Hope

The two bald toddlers are cancer patients. There are pizza boxes spread all around the end of the hospital bed, surrounded by IV pumps, on the hematology-oncology ward of Children’s Hospital. The main patient is two years old; they are both in flowered dresses, and joyfully eating pizza from paper plates. They have wide, happy smiles on their faces. Even slightly jaundiced, they are the brightest lights in the room. The girl in the middle of the bed is the primary patient. The other girl is a patient-friend from another bed. They are living life fully in the midst of uncertainty.

In the 2013 photograph, hope is perched on this toddler’s face at the arrival of the unexpected pizza party. I saw an embodiment of hope itself in her face, and I told myself that would be true even if she hadn’t lived, since I didn’t know how the story ended.

I looked on her blog recently and learned her cancer relapsed three years later—now. She had just started kindergarten. She has just finished her first round of combined immunotherapy and chemotherapy. I say to myself, what was it that I experienced with that happy pizza photograph? Was it real? Where is hope, MY hope? It felt like it was quashed…
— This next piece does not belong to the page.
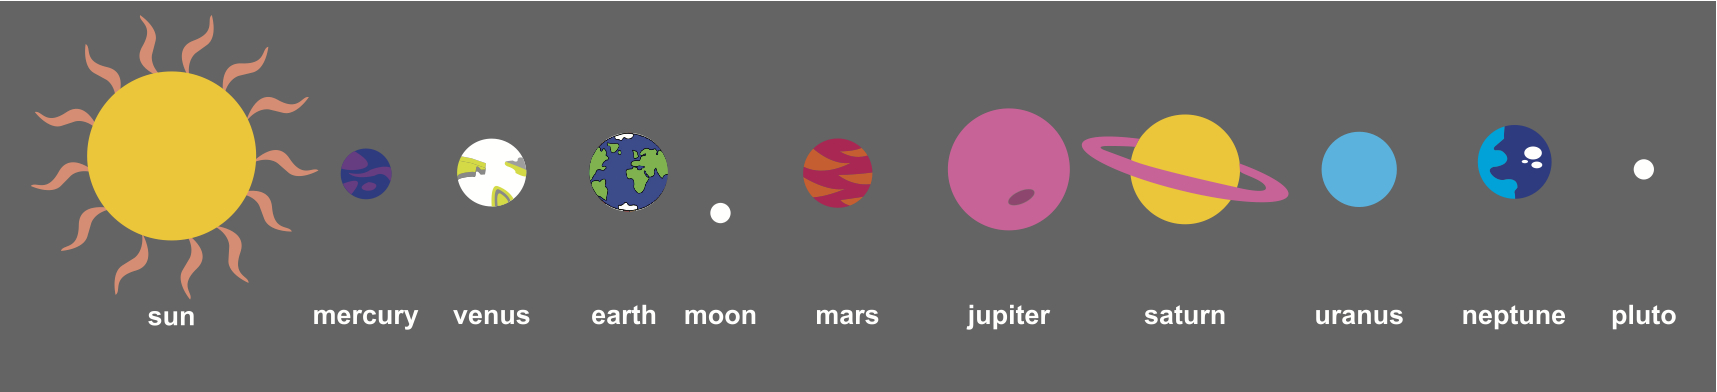 Playground Marking Solar System

My nihilism is a membrane away.

That is exactly why I’m so inspired every time I witness patients and families choosing to live life, moment by moment—celebrating birthdays, music, stories, food, and each other when others around them are focused primarily on how many days remain, not on the day at hand. The hope of the present joyful moment is not easy in the face of overwhelming odds. It inspires me every time because I can’t do it on my own.

When I read her family’s blog, I realize they can’t either. They have back-up, they have other people.

That’s the point, I think, that we have people to pick up the slack when we falter; we hold each other. And we have unexpected parties to remind us we’re living when we’re dying.